If the covariance is the $2\times2$ identity matrix, then the density is $e^{−(x^2+y^2)/2}$ multiplied by a suitable normalizing constant. If $\begin{bmatrix} X \\ Y \end{bmatrix}$ is a random vector with this distribution, then you rotate that random vector by multiplying on the left by a typical $2\times 2$ orthogonal matrix: $ G \begin{bmatrix} X \\ Y \end{bmatrix} = \begin{bmatrix} \cos\theta & -\sin\theta \\ \sin\theta & \cos\theta \end{bmatrix}\begin{bmatrix} X \\ Y \end{bmatrix}. $
If the question is how to "rotate" the probability distribution, then asnwer is that it's invariant under rotations about the origin since it depends on $x$ and $y$ only through the distance $\sqrt{x^2+y^2}$ from the origin to $(x,y)$.

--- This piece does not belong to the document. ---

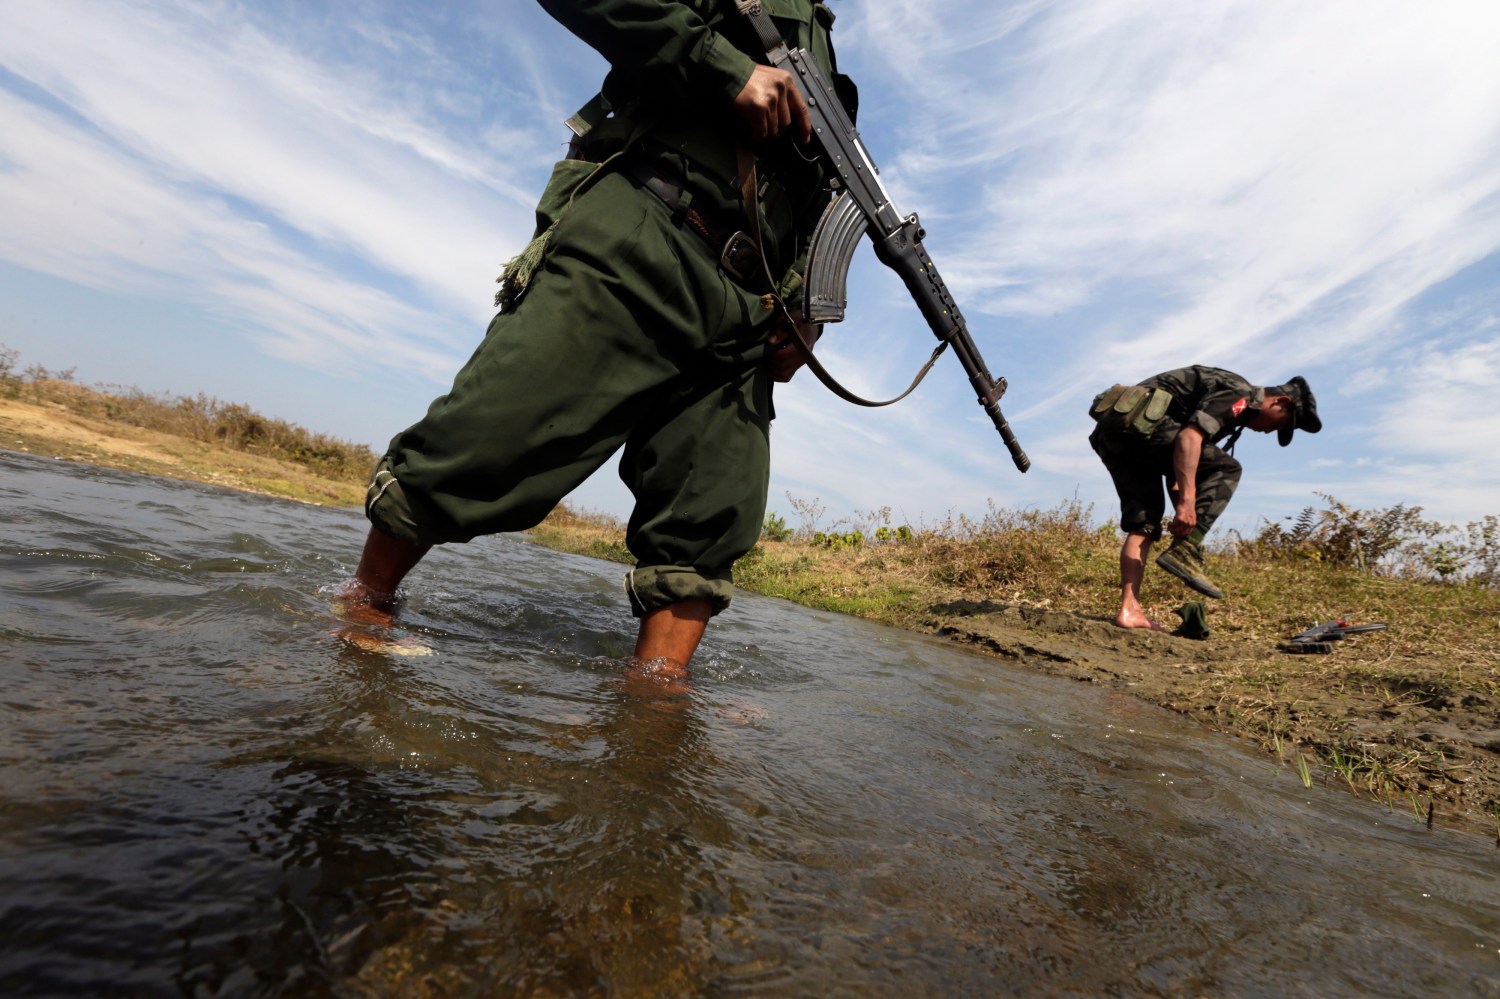 A soldier from the Kachin Independence Army (KIA) puts on his shoes as he and his comrade cross a stream towards the front line in Laiza, Kachin state, January 29, 2013. Myanmar's government started talks with top commanders of the KIA rebel group in China on February 4, 2013 to try to rescue a faltering peace process and end one of the country's bloodiest ethnic conflicts. KIA is fighting for autonomy for Kachin state within a federal Myanmar, which successive governments of the ethnically diverse country have long rejected. Picture taken January 29, 2013. REUTERS/David Johnson

If you multiply on the left by a $k\times2$ matrix $G$, you have $ \mathbb{E}\left(G\begin{bmatrix} X \\ Y \end{bmatrix}\right) = G\mathbb{E}\begin{bmatrix} X \\ Y \end{bmatrix} $ and $ \operatorname{var}\left( G \begin{bmatrix} X \\ Y \end{bmatrix} \right) = G\left(\operatorname{var}\begin{bmatrix} X \\ Y \end{bmatrix}\right)G^T, $ a $k\times k$ matrix. If the variance in the middle is the $2\times2$ identity matrix and $G$ is the $2\times 2$ orthogonal matrix given above, then it's easy to see that the variance is $ GG^T $ and that is just the $2\times 2$ identity matrix. The only fact you need after that is that if you multiply a multivariate normal random vector by a matrix, what you get is still multivariate normal. I'll leave the proof of that as an exercise.